"A Trifecta of Failure"

February 23, 2010

"If state government was a business, the state might have to shut it down."

So begins a great article by Erik Smith at the Washington State Wire about the three major state funds that either are, or are headed toward, insolvency.

According to Smith,

"Reports from the three state oversight officials indicate that the Wall Street meltdown and the state’s unprecedented budget shortfall contributed to the troubles. But bad judgment calls and the Legislature’s tendency to put off difficult decisions into the future also played a part."

The state employee health insurance fund is strapped for cash, as the Spokesman-Review reported last week, because the state "cut its premium payments by hundreds of millions of dollars, using that money for other things while the insurance fund spent down a large surplus."

The Legislature's bad habit of underfunding the state's pension obligations has created major problems as well.  According to Actuary Matt Smith, "Over the next five years the state must triple its payments to nearly $2 billion every two years, an unprecedented level, in order to make the program actuarially sound."

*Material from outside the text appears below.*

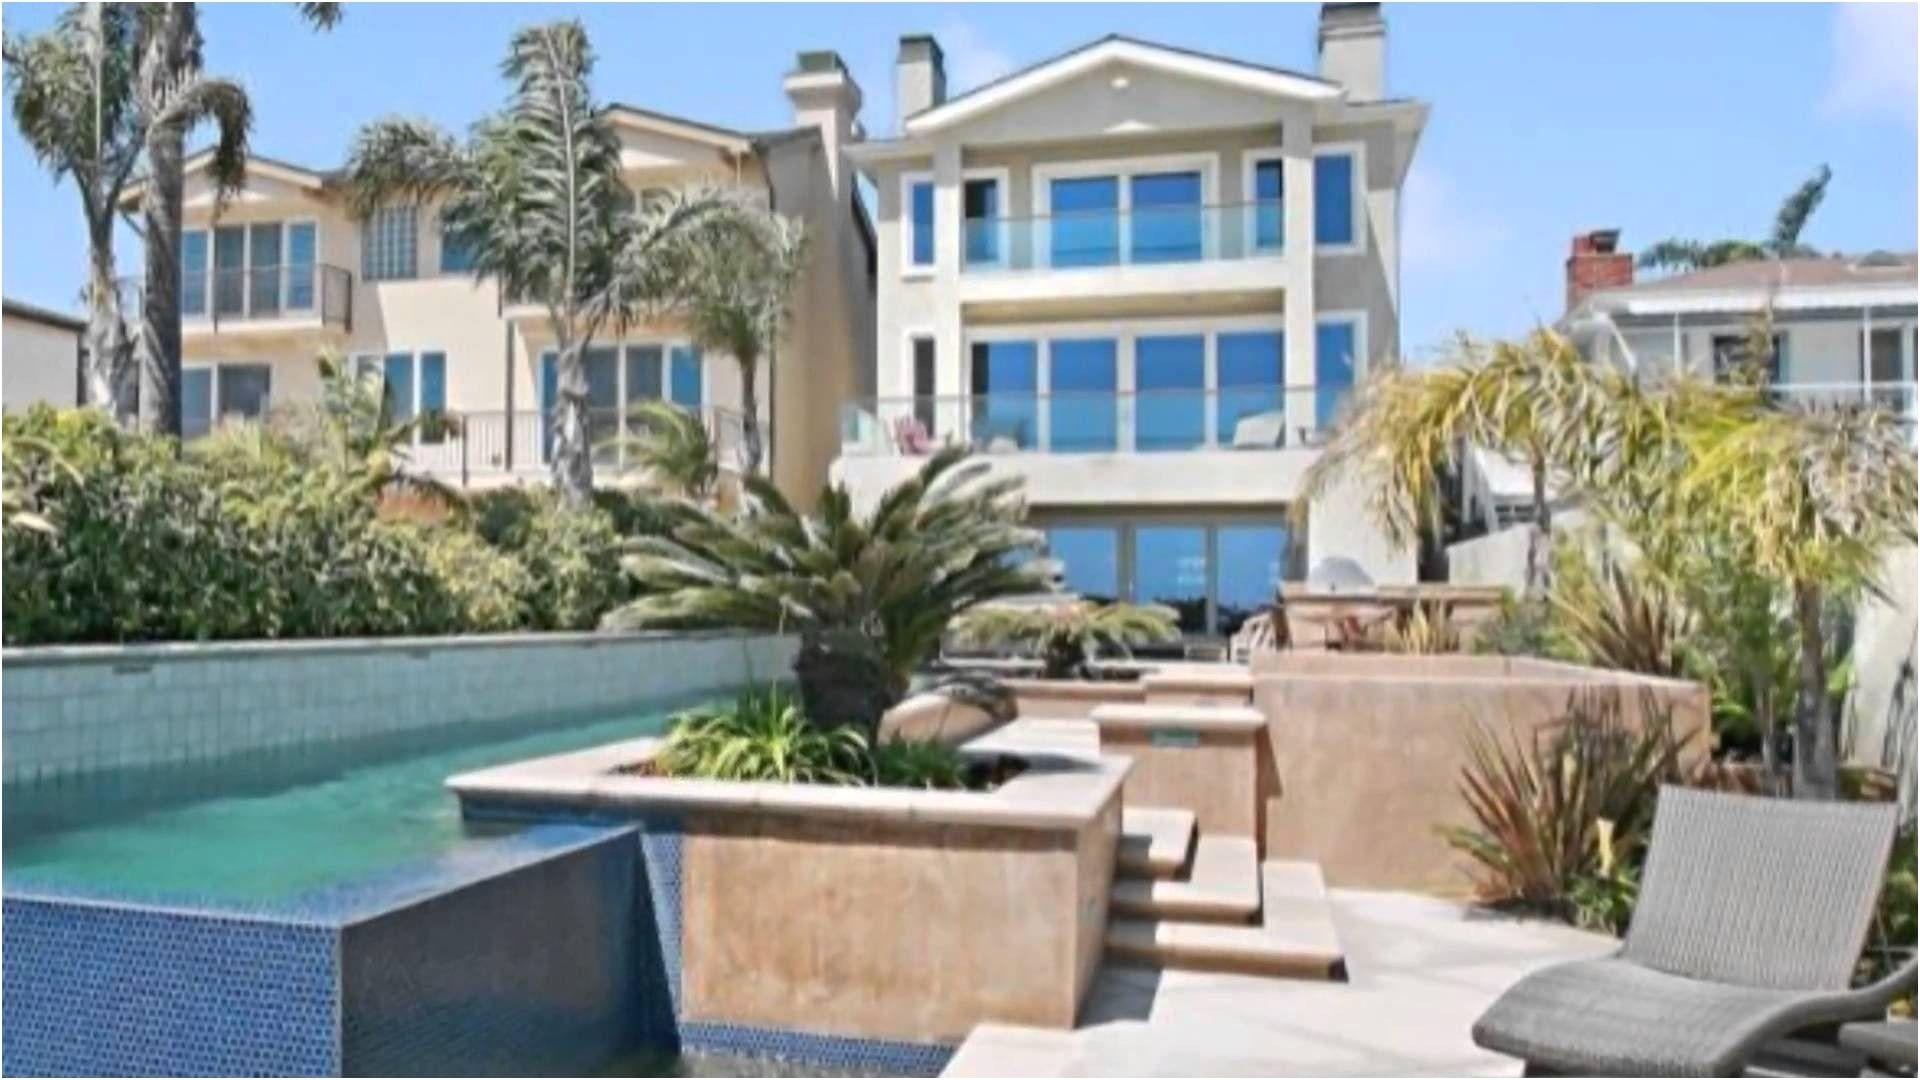 orange county homes for sale 546 ocean ave seal beach ca 2 youtube from huntington beach

And regular readers of The Hammer know all too well the problems with our state's workers' compensation trust fund.  It will be interesting to see if organized labor groups camp out in the offices of Mike Kreidler or Matt Smith, demanding they clarify their claims of potential insolvency the way they apparently did when State Auditor Brian Sonntag published a report showing potential problems in the workers' comp trust fund.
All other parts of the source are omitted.